When you are trying an NSAID for the first time, take the full dose prescribed every day, unless instructed otherwise. It may take as long as two weeks to build up to a "blood level" of the drug, and the drug may not help very much until then. If you take the drug irregularly, you may never know whether it actually can help you. This could lead to your being switched to a second drug when the first one actually could have helped. Each new drug you take carries a risk of allergic reaction (such as skin rash).

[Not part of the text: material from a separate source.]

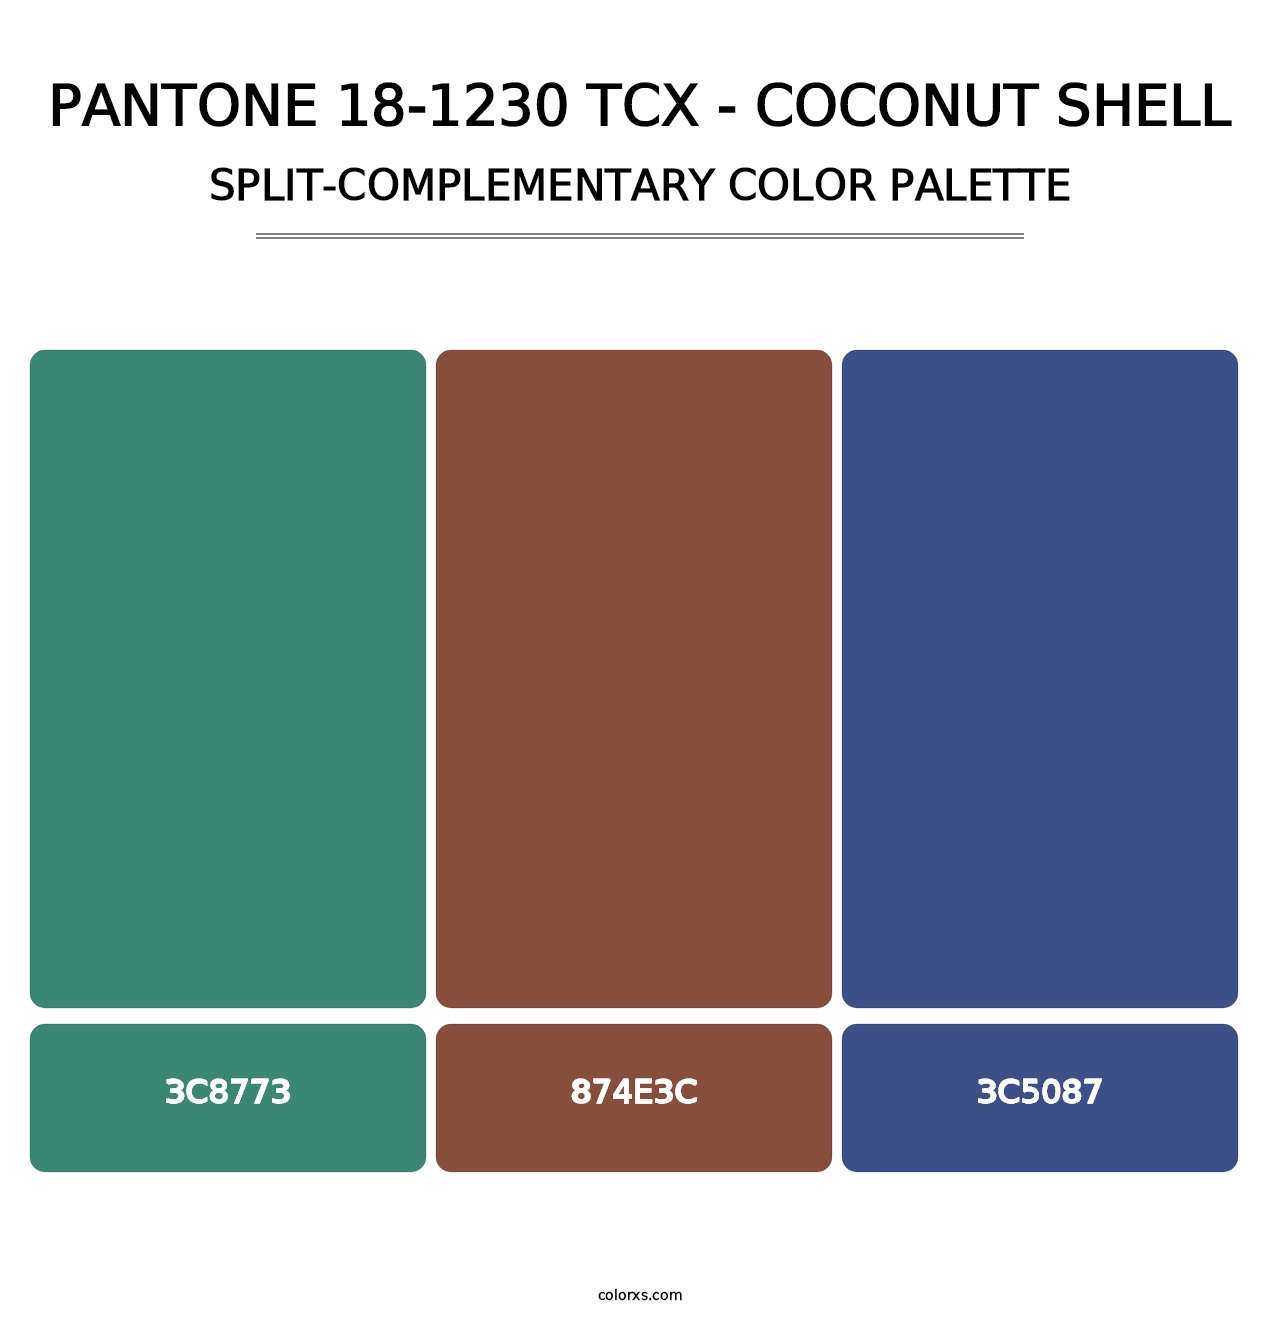 PANTONE 18-1230 TCX - Coconut Shell - Split-Complementary Color Palette

Therefore, it's important to find out if a drug can help you before switching to another.
Do not exceed the dose of the drug prescribed. The extra benefit is usually small and the increased risk is significant.
If you are taking the medicine regularly and miss a dose, take it as soon as possible. However, if it is almost time for your next dose, skip the one you missed and go back to your regular schedule. Do not take a double dose. If your arthritis improves, discuss with your physician the possibility of decreasing your dose of the NSAID.
Can I combine NSAIDs with Other Drugs?
- Do not mix one NSAID with another. For example, don't take aspirin or ibuprofen with any other nonsteroidal anti-inflammatory drugs. However, your physician may wish you to combine low-dose aspirin with an NSAID for heart attack or stroke prevention. This is an individual decision for each patient, and you should discuss this with your physician, since combining an NSAID with aspirin can increase the risk of ulcer.
- Acetaminophen, especially in low dose, appears less likely to irritate the stomach than NSAIDs, so in many cases it is reasonable to take acetaminophen along with NSAIDs.
- Always read the ingredients listed on the label of over-the-counter products. If acetylsalicylic acid or salicylate is listed, it may be better not to take this with NSAIDs, unless advised by your physician. Keep in mind that Alka-Seltzer, Anacin, some types of Excedrin, and even Pepto-Bismol contain aspirin.
- If you are taking medications for high blood pressure, have your pressure checked regularly while on the nonsteroidal anti-inflammatory drug. This is especially important within the first several weeks of starting the drug. In some patients, NSAIDs can elevate the blood pressure.
When Should I Stop the Drug and Get Immediate Medical Attention?
- If signs of allergy occur, such as rapid breathing, gasping, wheezing, hives, skin rashes, puffy eyelids, and/or rapid heart beat occur.
- If you develop vision abnormalities.
- If you develop dizziness, depression, or confusion.
- If you develop yellowing of the eyes that could indicate liver injury (although liver injury is rare and your liver function is checked when you have standard chemistry blood tests, which should be done periodically, when you are taking an NSAID).
- If your urine becomes cloudy or bloody, the amount of urine you pass should suddenly decrease, or you develop new ankle swelling, all of which could indicate kidney problems. This is especially important to watch for if your kidney function has been noted, on lab testing, to have been abnormal in the past.
When Should I Call My Doctor About Changing Dosage or Medications?
- If you develop swelling of the ankles or sudden weight gain after starting one of these drugs due to fluid retention.
- If you develop decreased hearing or ringing in your ears.
- If you are planning to get pregnant, or become pregnant.